SAS has a procedure called **proc anova**, but it is only used when there are an equal number of observations in each of the ANOVA cells (which is called a balanced design). ** Proc glm** is a much more general procedure that will work with any balanced or unbalanced design (unbalanced meaning an unequal number of observations in each cell).

In this example we are using **proc glm** to perform a one-way analysis of variance. As with **proc ttest, **the **class **statement is used to indicate that **prog** is a categorical variable. We use the **ss3** option to indicate that we are only interested in looking at the Type III sums of squares, which are the sums of squares that are appropriate for an unbalanced design.

proc glm data=in.hs1; class prog; model write=prog / ss3; run; quit;

Here **proc glm** performs an analysis of covariance (ANCOVA). In this example, **prog** is the categorical predictor and **read** is the continuous covariate.

proc glm data=in.hs1; class prog; model write = read prog / ss3; run; quit;

#### 2.4 Regression

In this example we will demonstrate how to set-up a Ordinary Least Squares (OLS) regression model. **Proc reg **is a very powerful and versatile procedure. In the following examples we will illustrate just a few of the many uses of**proc reg** . *Note* that this command does not support a **class **statement. If you need to specify a variable as categorical, use** Proc glm **instead.

proc reg data=in.hs1; model write = female read; run; quit;

If you are using SAS 9.3 or earlier, specifying **plots=diagnostics** on the **proc reg** statement produces a number of diagnostic graphs. However, version 9.4 provides these diagnostic plots by default. The **output** statement creates a new dataset, called **temp**, which includes the predicted values (by using the **p =** option) and the residuals (by using the **r =** option). The **proc print** displays the values of selected variables from the **temp** dataset.

proc reg data =in.hs1 plots=diagnostics; model math = write socst; output out=temp p=predict r=resid; run; quit;proc print data=temp (obs=20); var math predict resid; run;

#### 2.5 Logistic regression

In order to demonstrate logistic regression, we will create a dichotomous variable called **honcomp** (honors composition), which will be equal to 1 when the logical test of **write** >= 60 is true and equal to zero when it is not true. This variable is created purely for illustration purpose only.

data hs2; set in.hs1; honcomp = (write >= 60); run;

The **proc logistic** performs a logistic regression. It is necessary to include the **descending** option when a variable is coded 0/1 with 1 representing the event whose probability is being modeled. This is needed so that the odds ratios are calculated for the comparison of interest.

proc logistic data=hs2 descending; model honcomp = female read; run;

#### 2.6 Nonparametric tests

The **signtest** is the nonparametric analog of the one-sample t-test. The **sign **test is part of the output of the tests of location in **proc univariate**. The value that is being tested is specified by the **mu0** option on the **proc univariate** statement.
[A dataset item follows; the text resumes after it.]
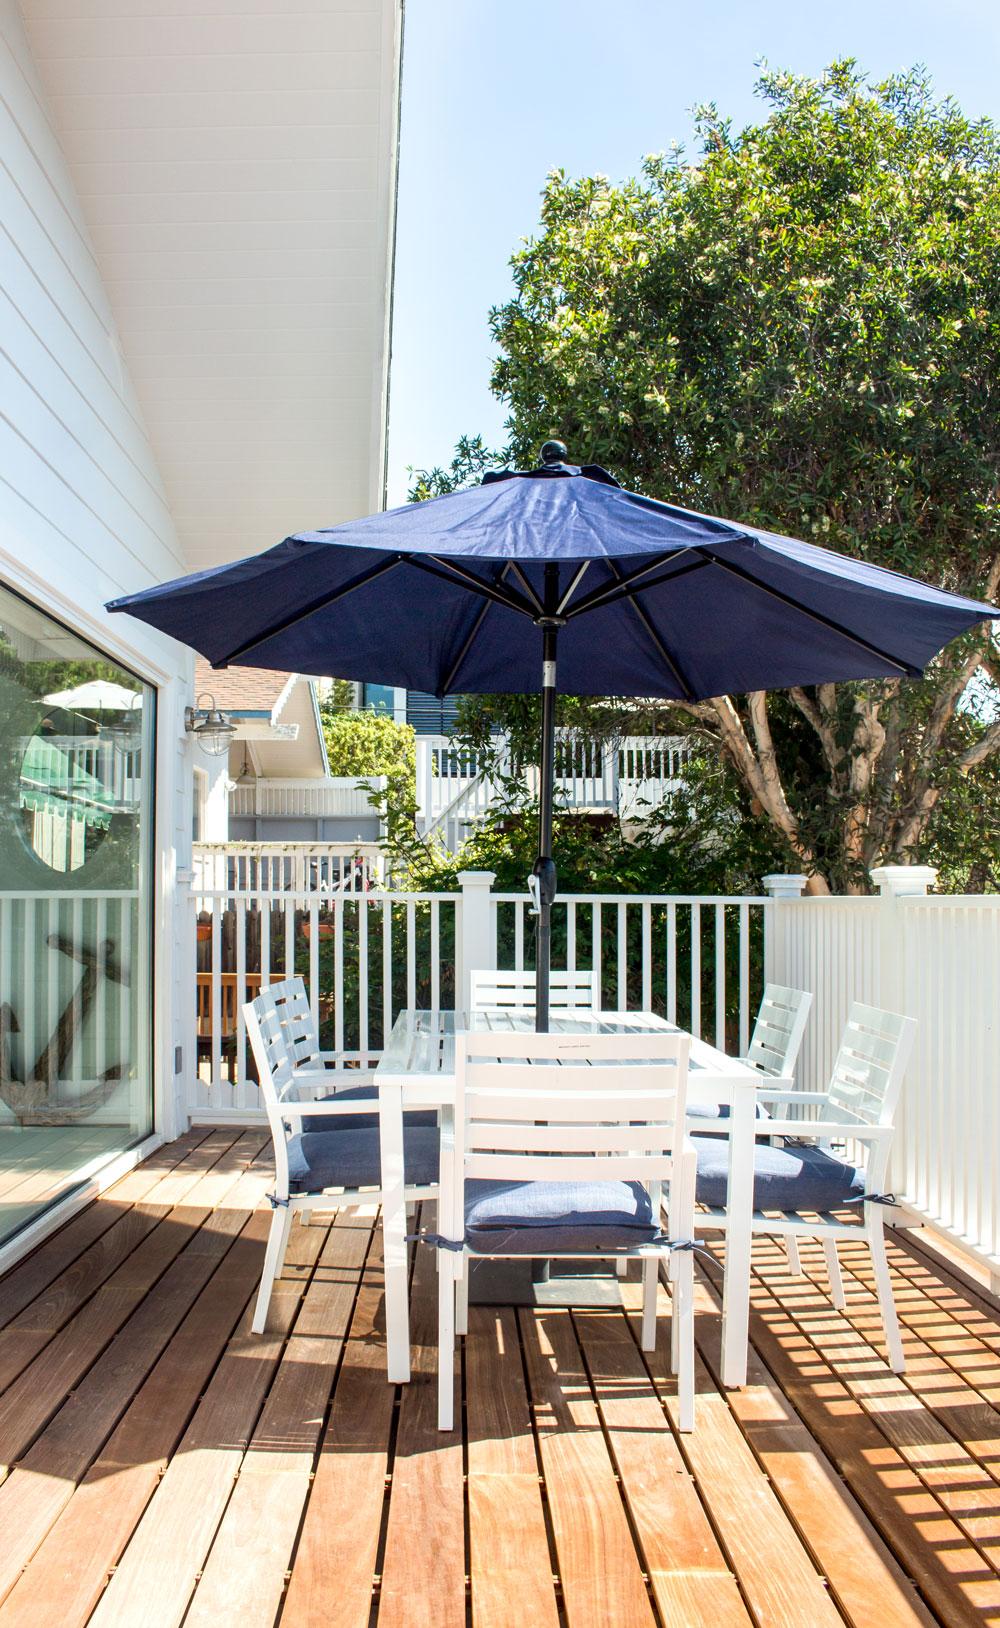 Chelsea-deck-patio-furniture-exterior.jpg

proc univariate data=in.hs1 mu0=50; var write; run;

The **signrank** test is the nonparametric analog of the paired t-test. To obtain this test, it is necessary to first compute the difference between the variables to be compared in a separate data step. Then the new difference variable is tested in **proc univariate**. The **signrank** test is found in the section of the output called “tests of location”.

data hs1c; set in.hs1; diff = read - write; run; proc univariate data=hs1c; var diff; run;

The **ranksum** test is the nonparametric analog of the independent two-sample t-test.

proc npar1way data=in.hs1; class female; var write; run;

The **kruskal wallis **test is the nonparametric analog of the one-way ANOVA.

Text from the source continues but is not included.